If they determine that Matheson didn’t violate the city Code of Ethics, the panel will drop the complaint and deliver its decision to Valdosta City Council within seven days, as stipulated by the ethics code.

Jefferson, panel chairman, will present it to council and a vote will go on from there.

City Manager Mark Barber said City Council can publicly reprimand the mayor in a similar form to “We don’t have confidence in the mayor right now,” but the council cannot force a resignation.

Council can request it though.

However, if the panel finds merit to the complaint, a second hearing will be scheduled, involving all necessary audio, visual and physical evidence, and witnesses.

The names of witnesses must be declared within three business days of the second hearing by both sides of the complaint: Matheson and a coalition of the groups that filed the complaint – the Mary Turner Project, Concerned Clergies of Valdosta, NAACP Lowndes Chapter and the Valdosta-Lowndes Community Alliance.

At a preliminary meeting earlier this month, the panel said it would offer more details if  a second hearing is necessary.

Dr. Mark George, Mary Turner Project coordinator, said he hopes the complaint goes to a second hearing. 

He and the coalition— the NAACP Lowndes Chapter, Concerned Clergies of Valdosta and the Valdosta-Lowndes Community Alliance — filed the ethics complaint Feb. 15, saying the mayor would not listen to their concerns.
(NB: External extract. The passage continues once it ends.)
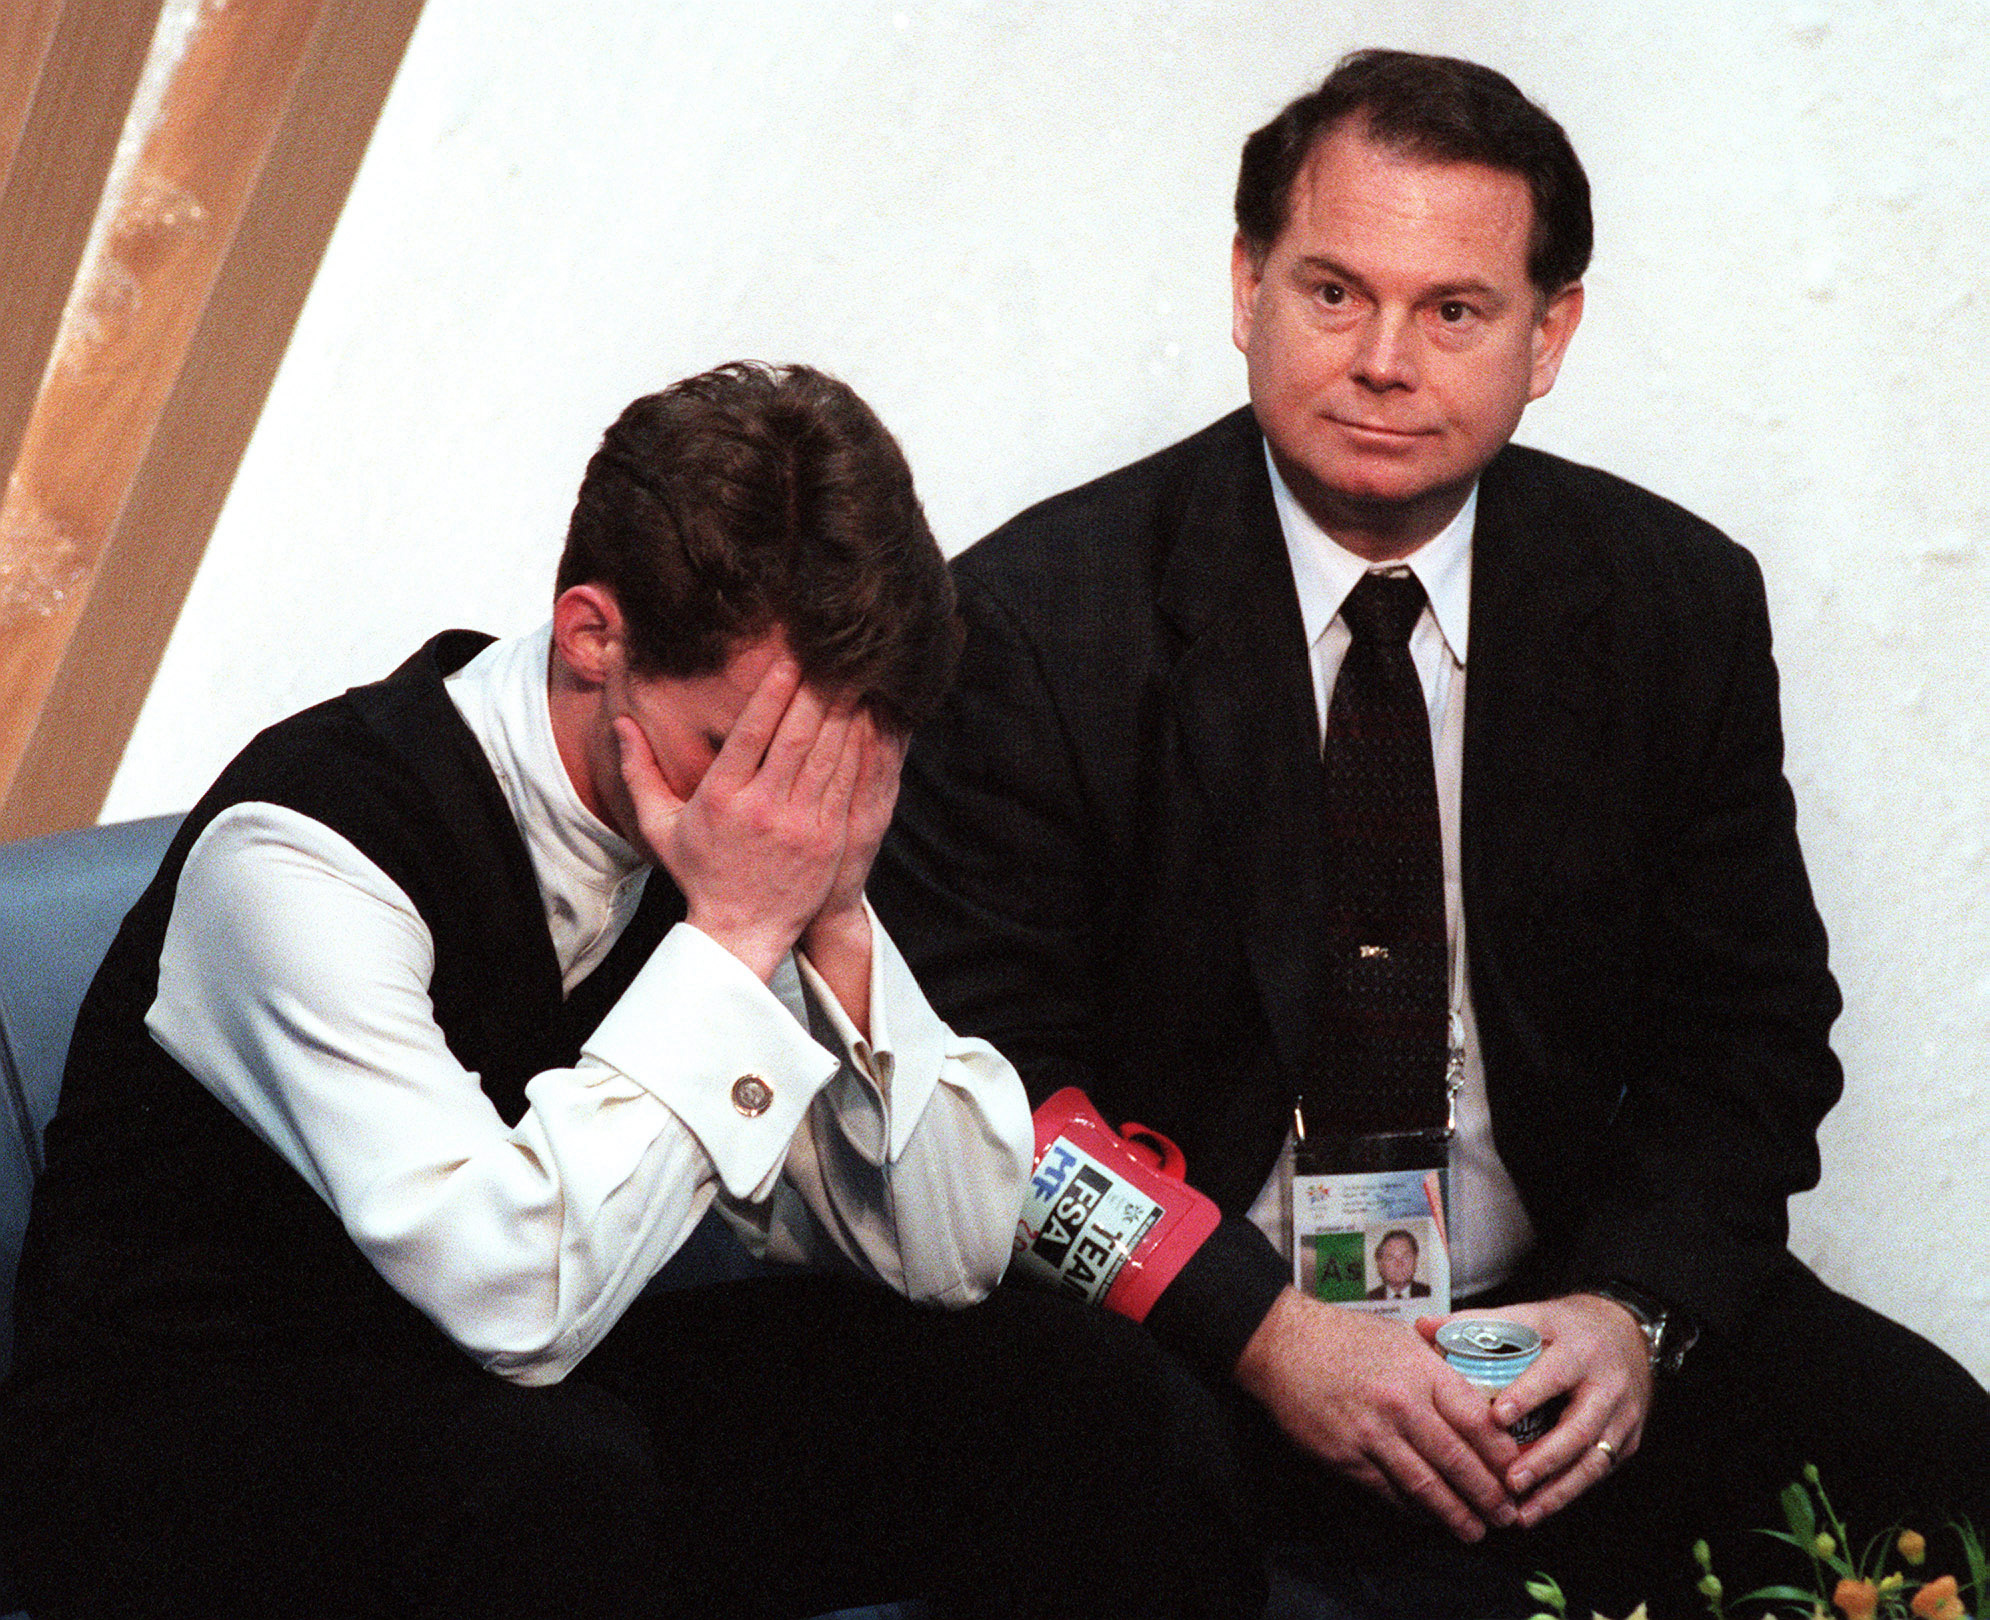 PHOTO: Figure skating coach Richard Callaghan is pictured at the finals of the men's figure skating competition at the 1998 Winter Olympics in Nagano, Japan.

The complaint, signed by George, the Rev. Darren Neal, Dr. Bruce Francis and Jimmy Boyd representing the respective organizations, claims Matheson “demonstrated that he is incapable of, and/or uninterested in, representing all citizens of Valdosta equally” in presenting himself as the Valdosta mayor on his weekday radio show Talk 92.1.

The panel will judge the complaint based on how the mayor violated the Code of Ethics’ prohibitions, covering things such as extortion, embezzlement and nepotism, George said.

The complaint alleges the on-air rhetoric “regularly disseminates inaccurate, divisive, and inflammatory claims that often demonize local citizens and political viewpoints that differ from his own.”

“We’re not alleging that the Mayor did any of that,” he said of the prohibitions outlined in the ethics code provision. “On the first page of the Code of Ethics, we’re alleging that the mayor violated the spirit of the Code of Ethics.”

Matheson responded to the coalition publicly via statement Feb. 18, saying the complaint failed to cite one ethics violation.

“The complaint states that I cannot serve as your mayor because I have a job as a radio talk show host and express opinions,” he said. “I have been a community talk show host for 19 years including the time when I was running for election as mayor.”

This complaint attempts to use the ethics code to publicize political criticism and differences in opinion, the mayor’s statement read, but doesn’t offer better ideas or advice to help the city’s officials.

“They appear to be using their political views to divide our City and prevent all of us from working together for the common good,” the statement read. “I think this is wrong.”

There’s no way to tell how this will pan out, George said, the hope is that they’ll get a chance to have a conversation.

Both sides of the complaint are expected to be at the hearing. It will be held at 10 a.m., April 14, in council chambers on city hall’s second floor. City hall is located at 216 E. Central Ave.